Downloadable assets:
disk image (non-bootable): https://storage.googleapis.com/syzbot-assets/7feb34a89c2a/non_bootable_disk-8bac8898.raw.xz
vmlinux: https://storage.googleapis.com/syzbot-assets/2a76d594c0f5/vmlinux-8bac8898.xz
kernel image: https://storage.googleapis.com/syzbot-assets/dae09c25780d/bzImage-8bac8898.xz

IMPORTANT: if you fix the issue, please add the following tag to the commit:
Reported-by: syzbot+8425ccfb599521edb153@xxxxxxxxxxxxxxxxxxxxxxxxx

------------[ cut here ]------------
WARNING: CPU: 0 PID: 1046 at drivers/infiniband/sw/rxe/rxe_net.c:357 rxe_skb_tx_dtor+0x8b/0x2a0 drivers/infiniband/sw/rxe/rxe_net.c:357

This is a known problem. It seems to be related with the following commit.

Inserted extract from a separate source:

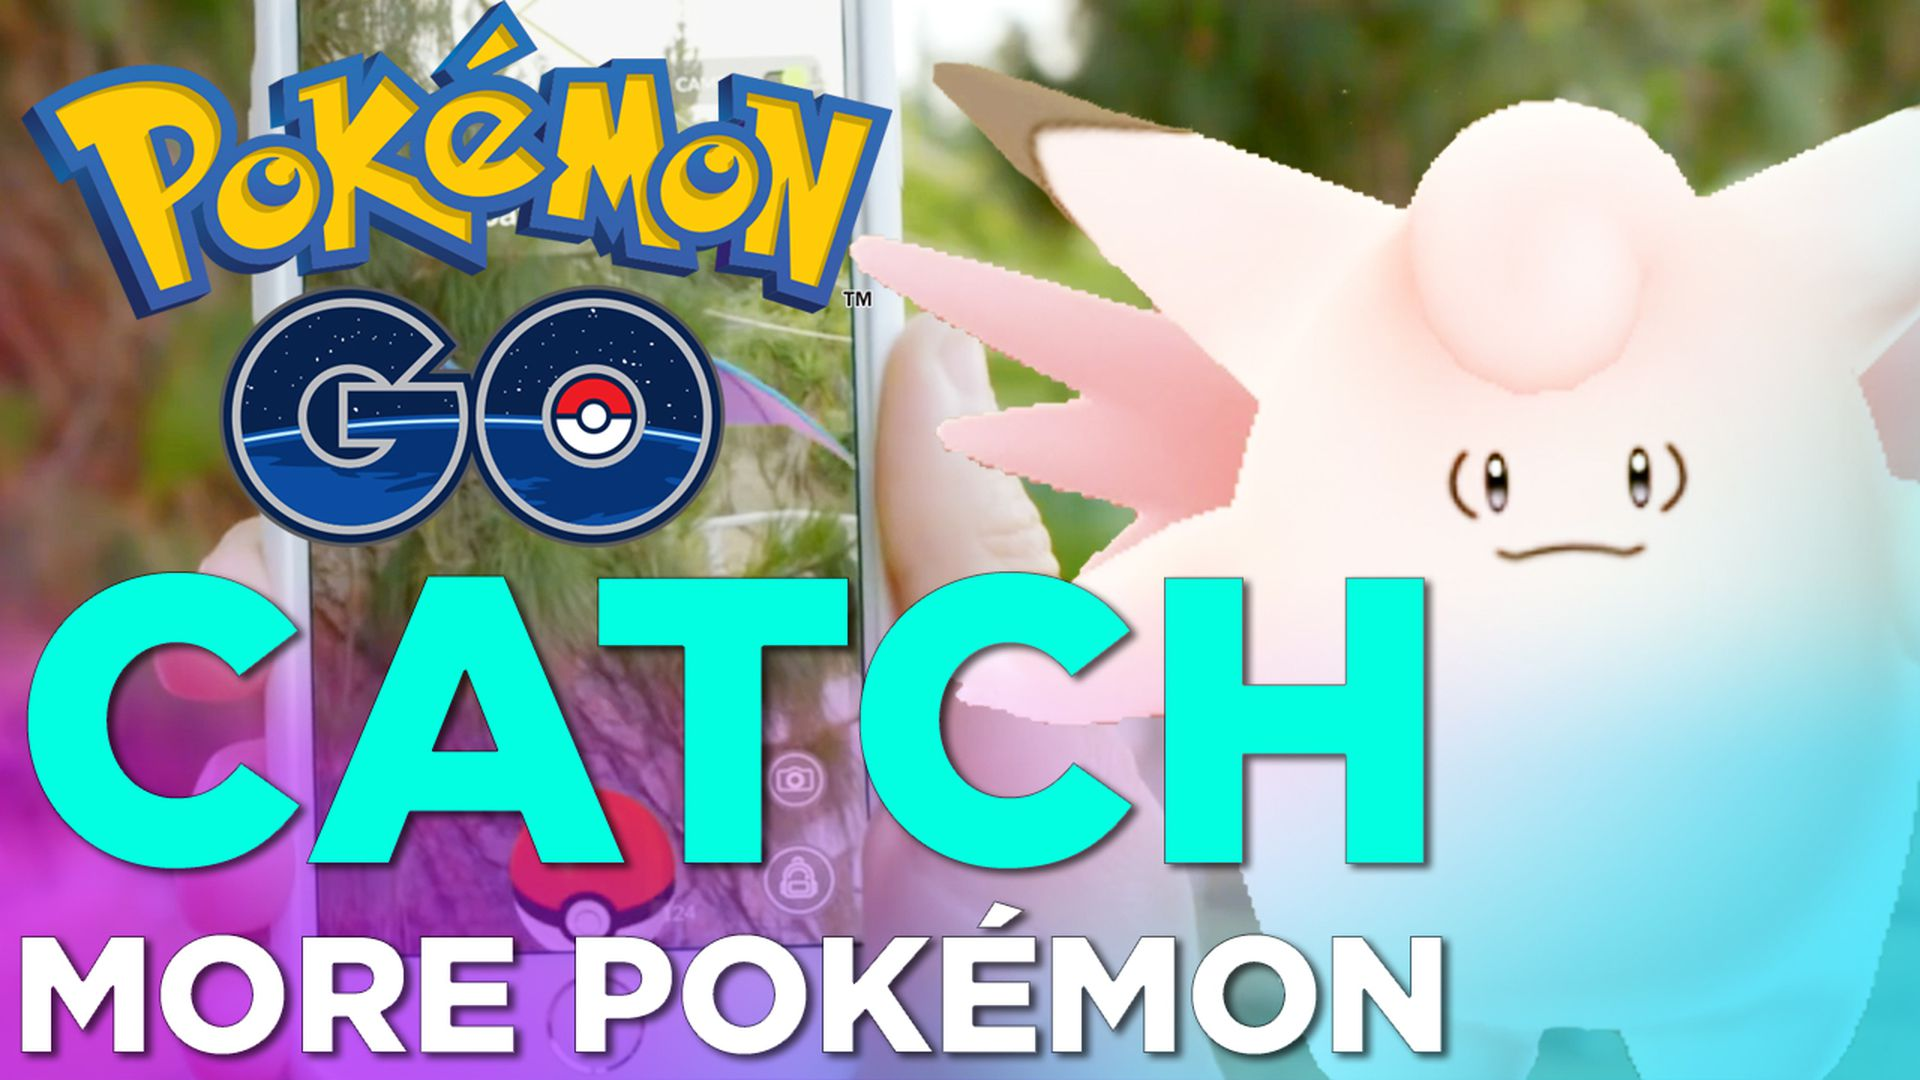 Pokémon Go player has already caught 'em all
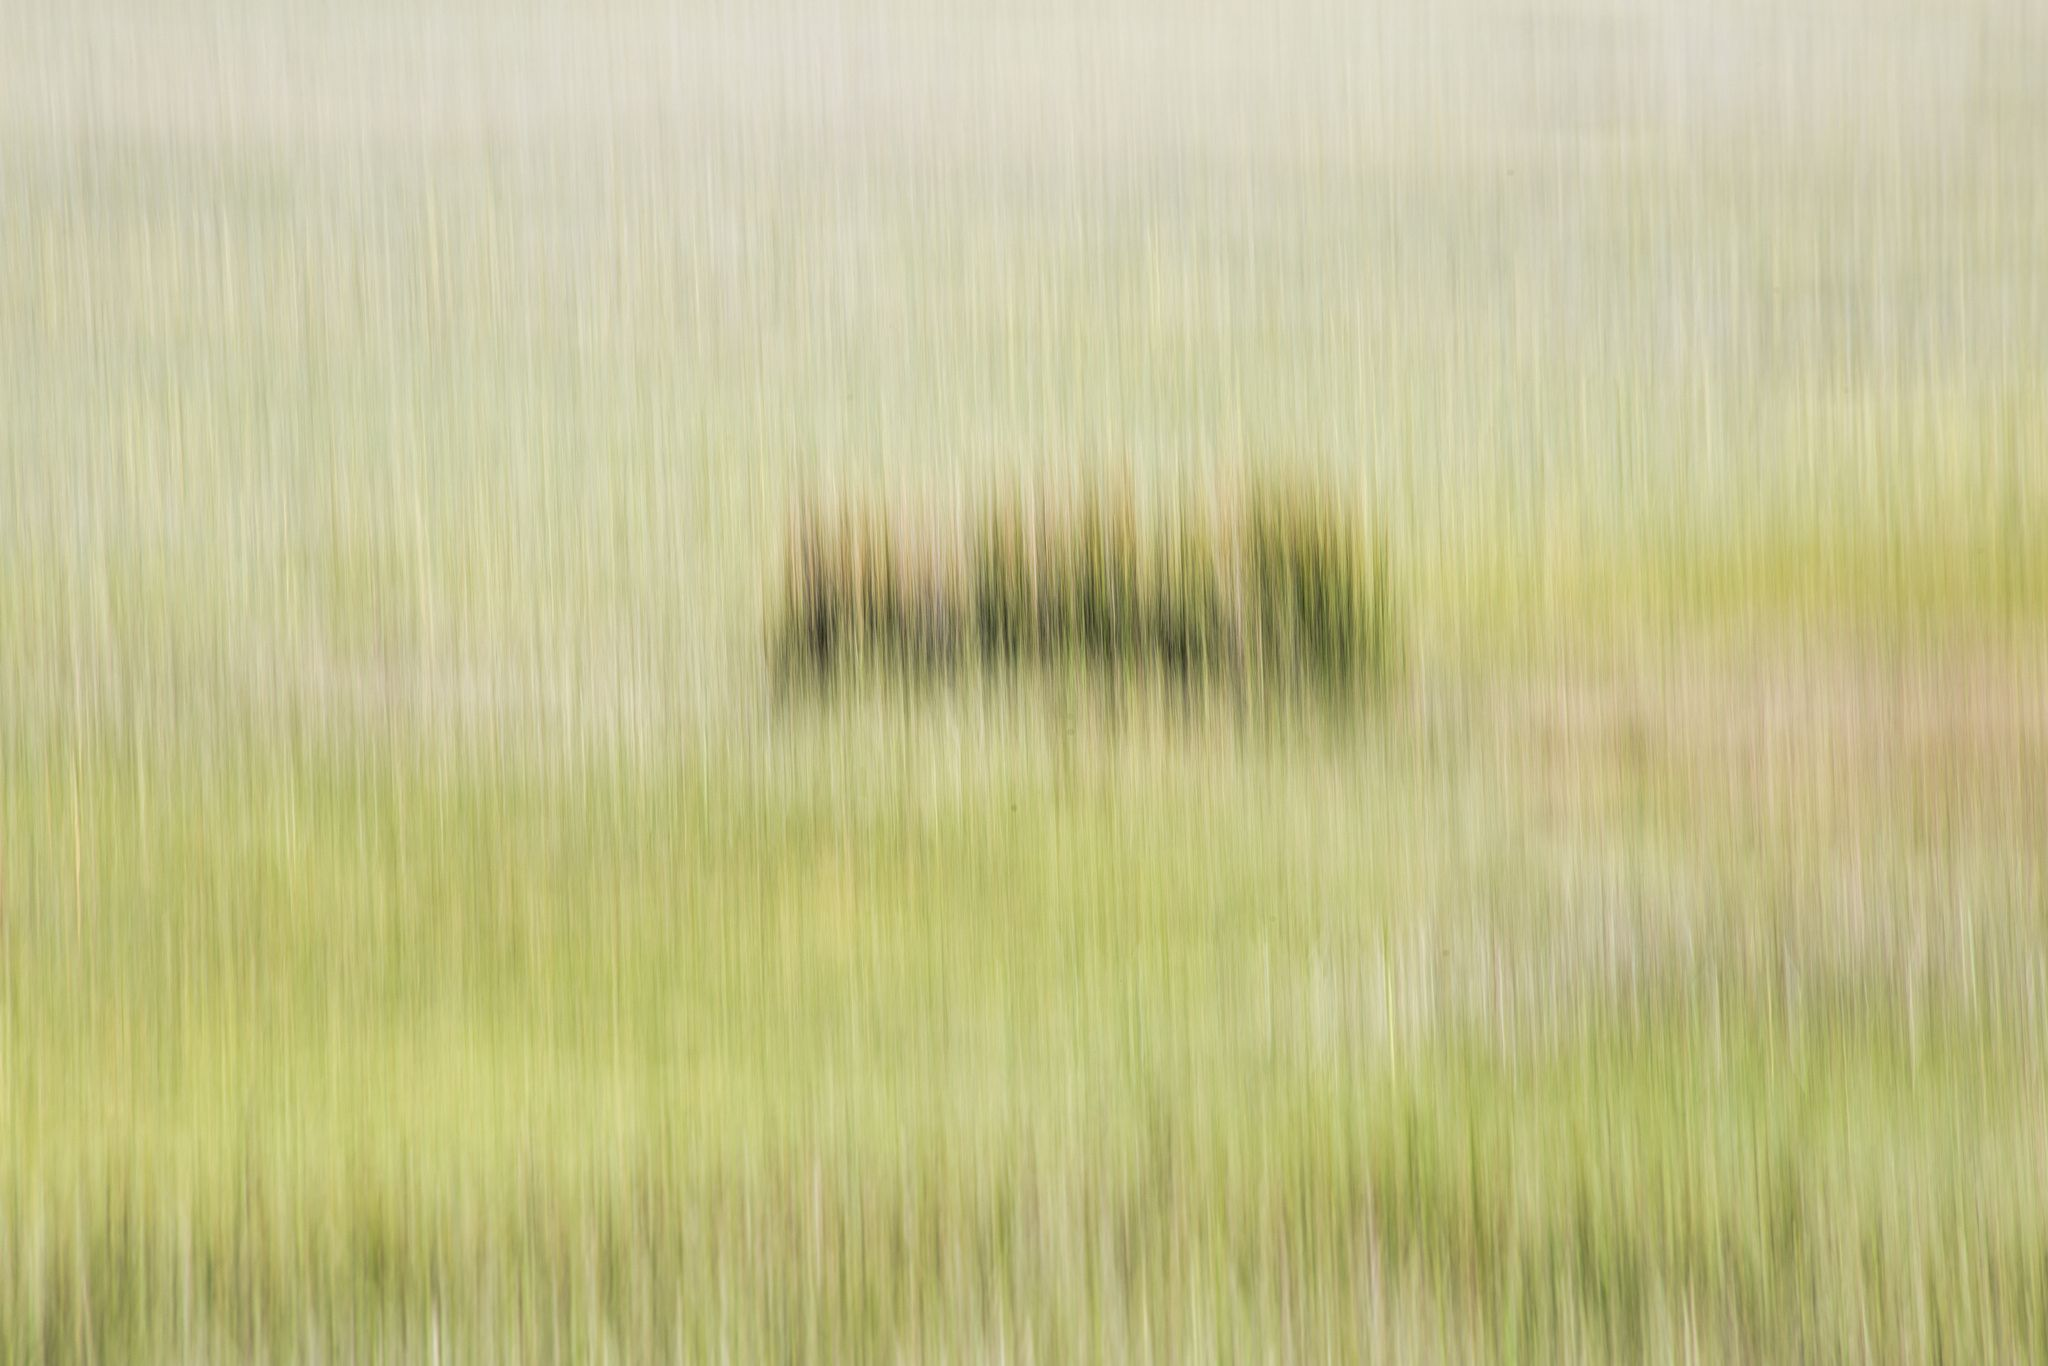 Coastal Grasses #3 by Ed Morris on 500px

commit 1a633bdc8fd9e9e4a9f9a668ae122edfc5aacc86
Author: Bob Pearson <rpearsonhpe@xxxxxxxxx>
Date: Fri Mar 29 09:55:15 2024 -0500

RDMA/rxe: Let destroy qp succeed with stuck packet

In some situations a sent packet may get queued in the NIC longer than
than timeout of a ULP. Currently if this happens the ULP may try to reset
the link by destroying the qp and setting up an alternate connection but
will fail because the rxe driver is waiting for the packet to finish
getting sent and be returned to the skb destructor function where the qp
reference holding things up will be dropped. This patch modifies the way
that the qp is passed to the destructor to pass the qp index and not a qp
pointer. Then the destructor will attempt to lookup the qp from its index
and if it fails exit early. This requires taking a reference on the struct
sock rather than the qp allowing the qp to be destroyed while the sk is
still around waiting for the packet to finish.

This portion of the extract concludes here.